The root task is self-replicating, so instead of explicitly starting e.g. four tasks to handle the data, it waits for the scheduler to replicate the task to handle more data. It's kind of hard to read - we're talking about complex multi-threaded lock-less code, but it seems that it always assigns work in slices much smaller than the partitioned ranges. In my testing, the maximal size of the slice was 16 - a far cry from the millions of data I'm running. 16 iterations with a body like this is no time at all, which might lead to many issues with the algorithm (the biggest being the infrastructure taking more CPU work than the actual iterator body). In some cases, cache trashing might impact performance even further (perhaps when there's a lot of variation in the body runtimes), but most of the time, the access is sequential enough.
TL; DR
Don't use Parallel.For
and Parallel.ForEach
if your work-per-iteration is very short (on the order of milliseconds). AsParallel
or just running the iteration single-threaded will most likely be much faster.
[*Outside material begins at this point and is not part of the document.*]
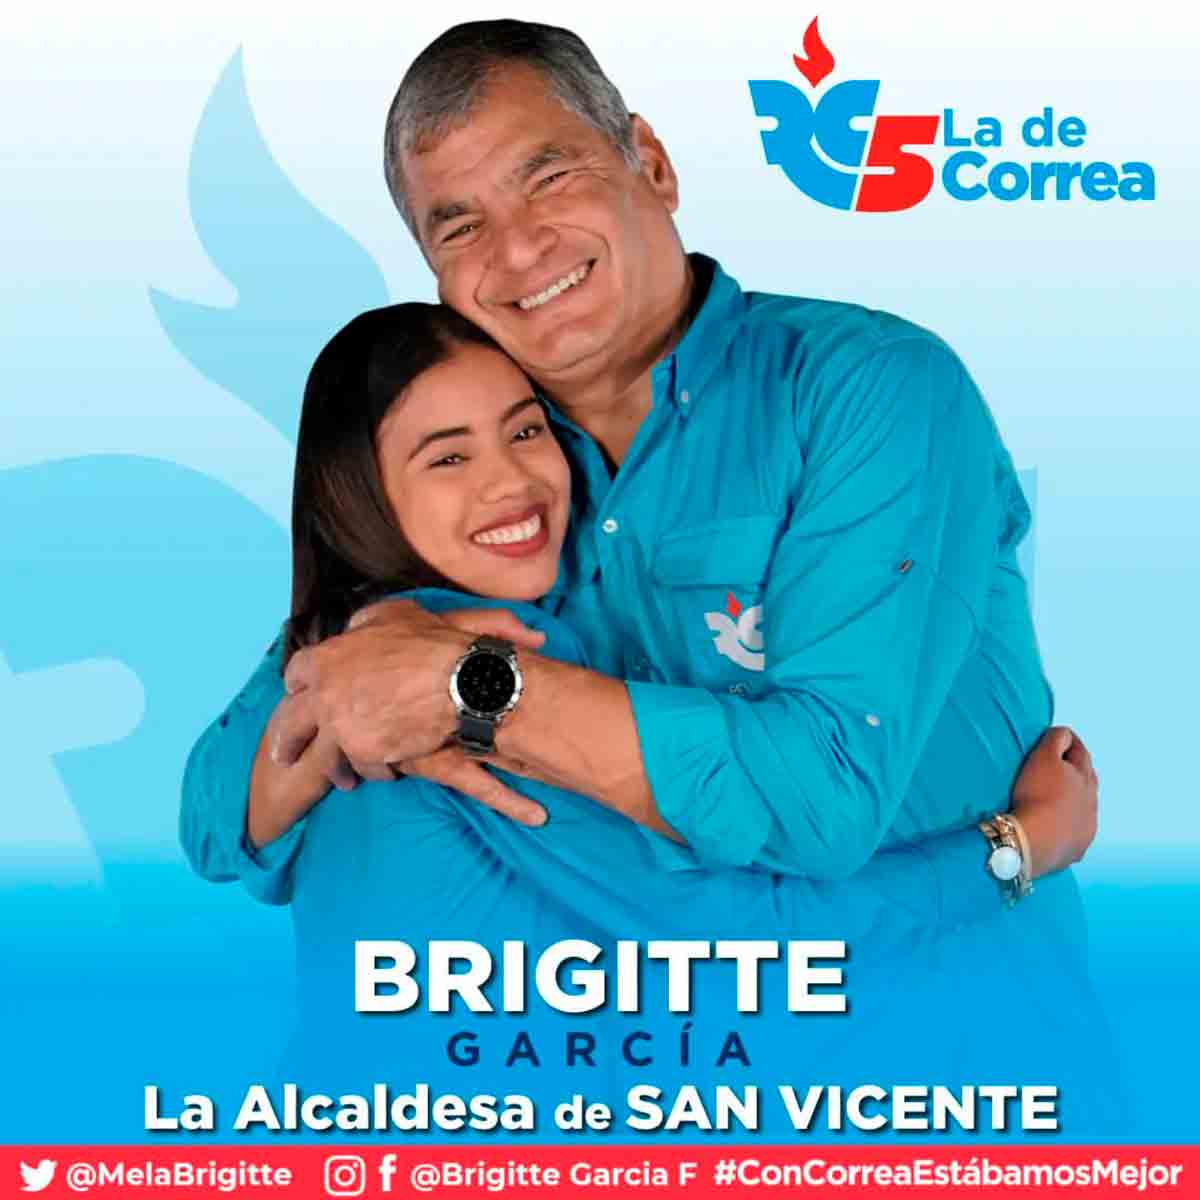 Brigitte García était membre du Parti de la Révolution citoyenne de l'ancien président Rafael Correa

Slightly longer explanation:
It seems that Parallel.For
and Paraller.ForEach
are designed for scenarios where the individual items you're iterating over take a substantial amount of time to execute (i.e. lots of work per item, not tiny amounts of work over a lot of items). They seem to perform badly when the iterator body is too short. If you're not doing substantial work in the iterator body, use AsParallel
instead of Parallel.*
. The sweetspot seems to be somewhere under 150ms per slice (around 10ms per iteration). Otherwise, Parallel.*
will spend tons of time in its own code, and hardly any time doing your iteration (in my case, the usual number was somewhere around 5-10% in the body - embarassingly bad).
Sadly, I didn't find any warning about this on MSDN - there's even samples going over substantial amounts of data, but there's no hint at the terrible performance hit of doing so. Testing the very same sample code on my computer, I've found that it is indeed often slower than a single-threaded iteration, and at the best of times, barely faster (around 30-40% time savings while running on four CPU cores - not very efficient).
EDIT:
Willaien found a mention on MSDN about this very issue, and how to solve it - https://msdn.microsoft.com/en-us/library/dd560853(v=vs.110).aspx. The idea is to use a custom partitioner and iterate over that in the Parallel.For
body (e.g. loop in Parallel.For
's loop). However, for most cases, using AsParallel
is probably still a better choice - simple loop bodies usually mean some kind of a map/reduce operation, and AsParallel
and LINQ in general are great at that. For example, your sample code could be rewritten simply as:
var result = testData.AsParallel().Where(i => i == 1).ToList();
The only case where using AsParallel
is a bad idea is the same as with all the other LINQs - when your loop body has side-effects. Some might be tolerable, but it's safer to avoid them altogether.